Kyan Evans

No. 0 – Minnesota Golden Gophers
- Position: Point guard
- Conference: Big Ten Conference

Personal information
- Born: September 20, 2004 (age 21) Kansas City, Missouri, U.S.
- Listed height: 6 ft 2 in (1.88 m)
- Listed weight: 175 lb (79 kg)

Career information
- High school: Staley (Kansas City, Missouri)
- College: Colorado State (2023–2025); North Carolina (2025–2026); Minnesota (2026–present);

Career highlights
- Mr. Show-Me Basketball (2023);

= Kyan Evans =

American basketball player (born 2004)

Kyan Charles Evans (born September 20, 2004) is an American college basketball player for the Minnesota Golden Gophers of the Big Ten Conference.
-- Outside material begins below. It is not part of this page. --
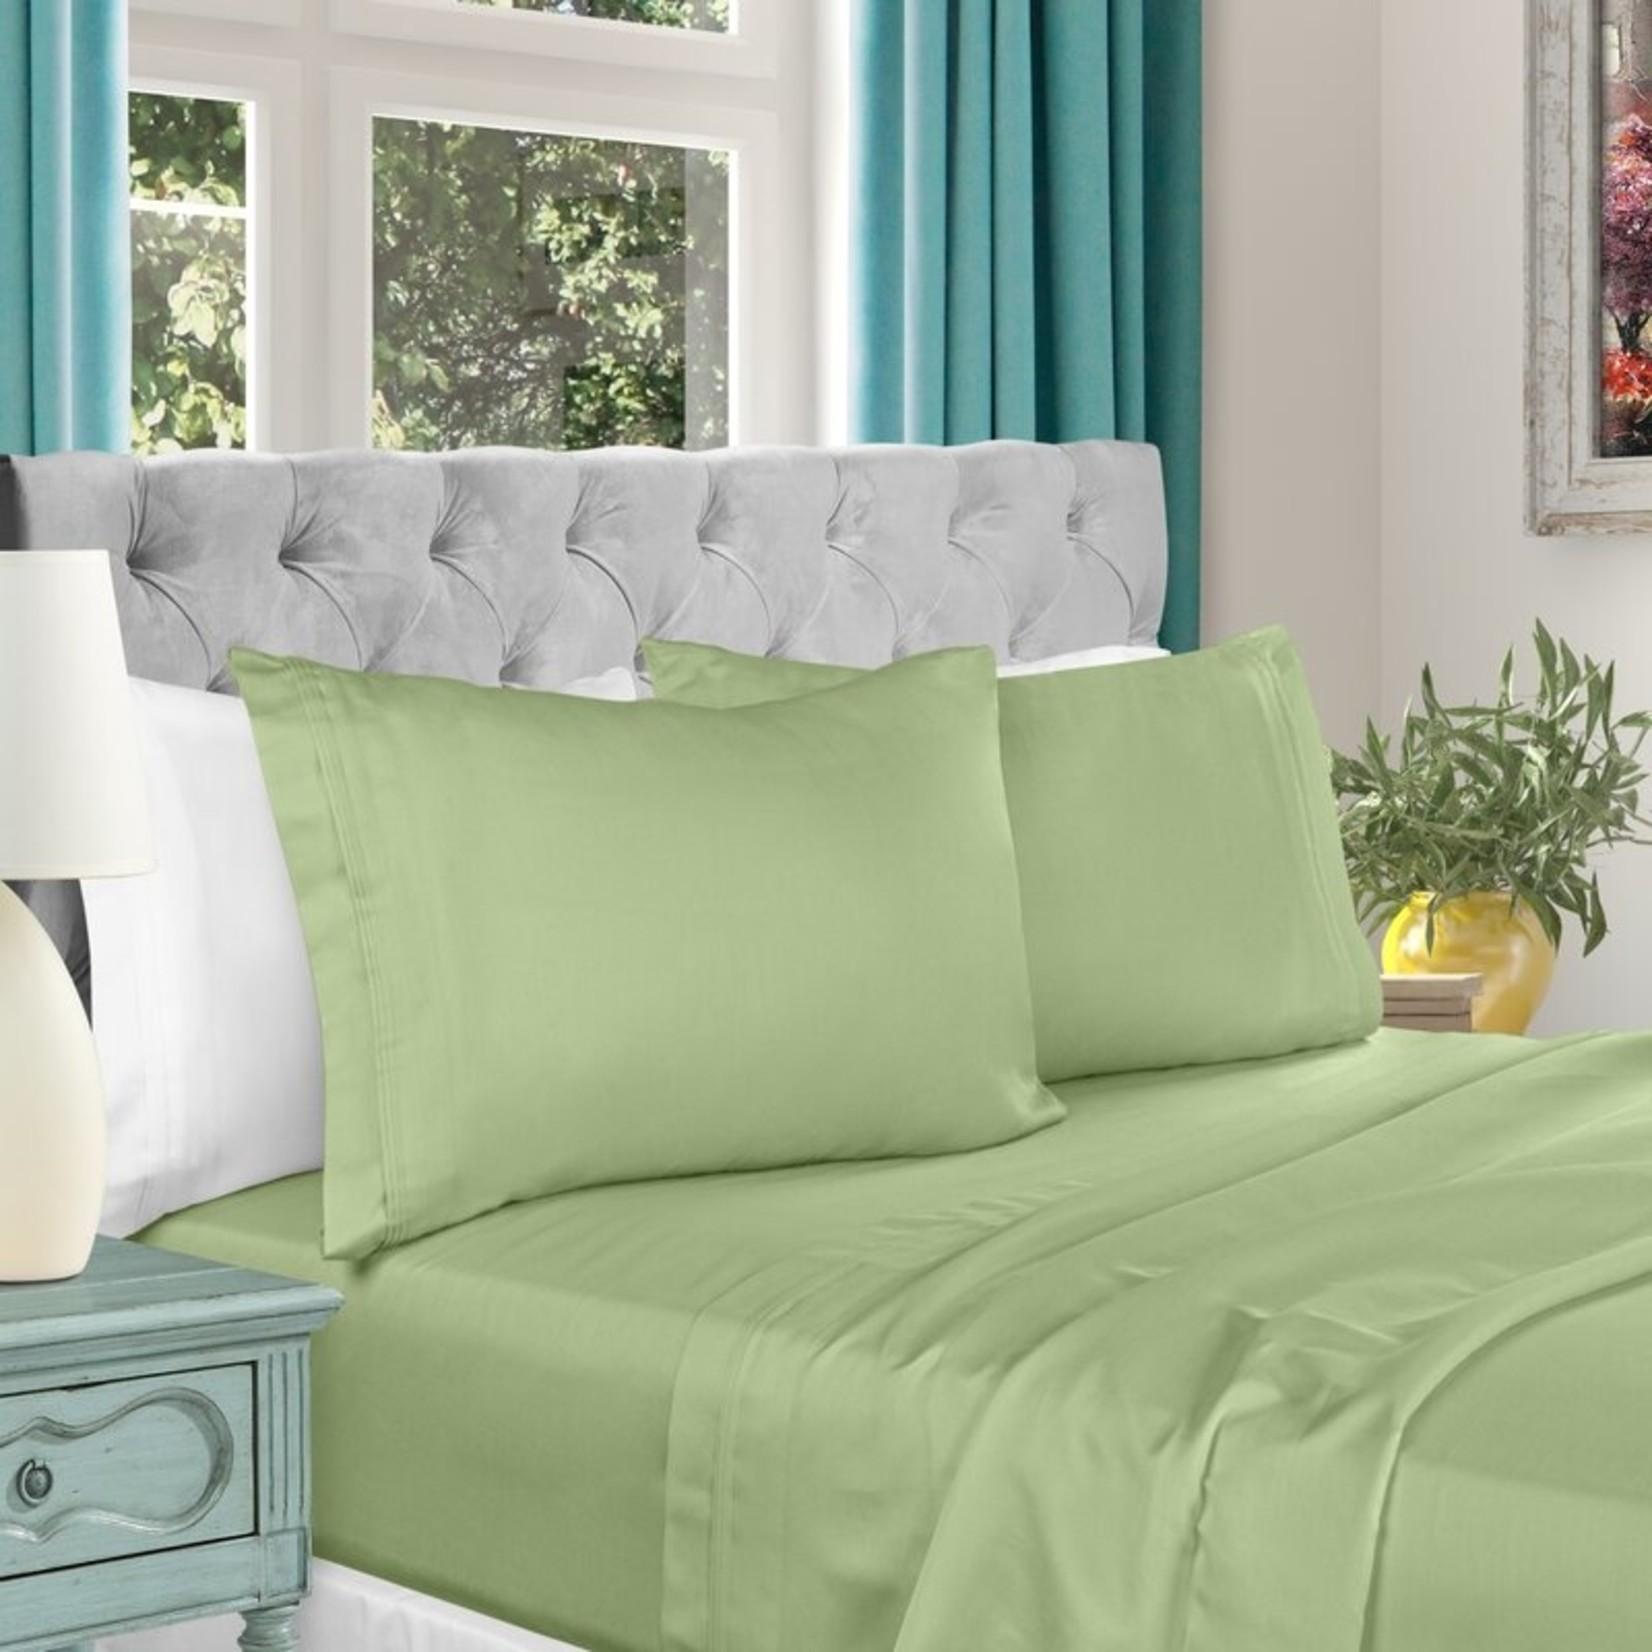 *Cal King - Amherst 1000 Thread Count Egyptian Certified Cotton Sateen Sheet Set - Final Sale

He previously played for the Colorado State Rams and North Carolina Tar Heels.

==Early life and high school==
After a decorated high school and AAU career in the Kansas City area, Evans committed to play college basketball for the Colorado State Rams.

==College career==
As a freshman in 2023-24, Evans averaged 1.7 points per game in 36 games. Heading into his sophomore season in 2024-25, he became a full-time starter after sitting behind Isaiah Stevens. On December 4, 2024, Evans hit four threes in a victory over Loyola Marymount. On February 25, 2025, he scored 20 points in a victory over Air Force. In the first round of the 2025 NCAA Division I men's basketball tournament, Evans dropped a career-high 23 points and six threes in an upset win over fifth seed Memphis. For his performance during the 2024-25 season, Evans earned all-Mountain West Conference honorable mention. He averaged 10.5 points, 3 rebounds and 3 assists per game. Following the season he transferred to North Carolina. Evans saw his minutes decline as the season progressed for the Tar Heels and transferred to Minnesota after the season.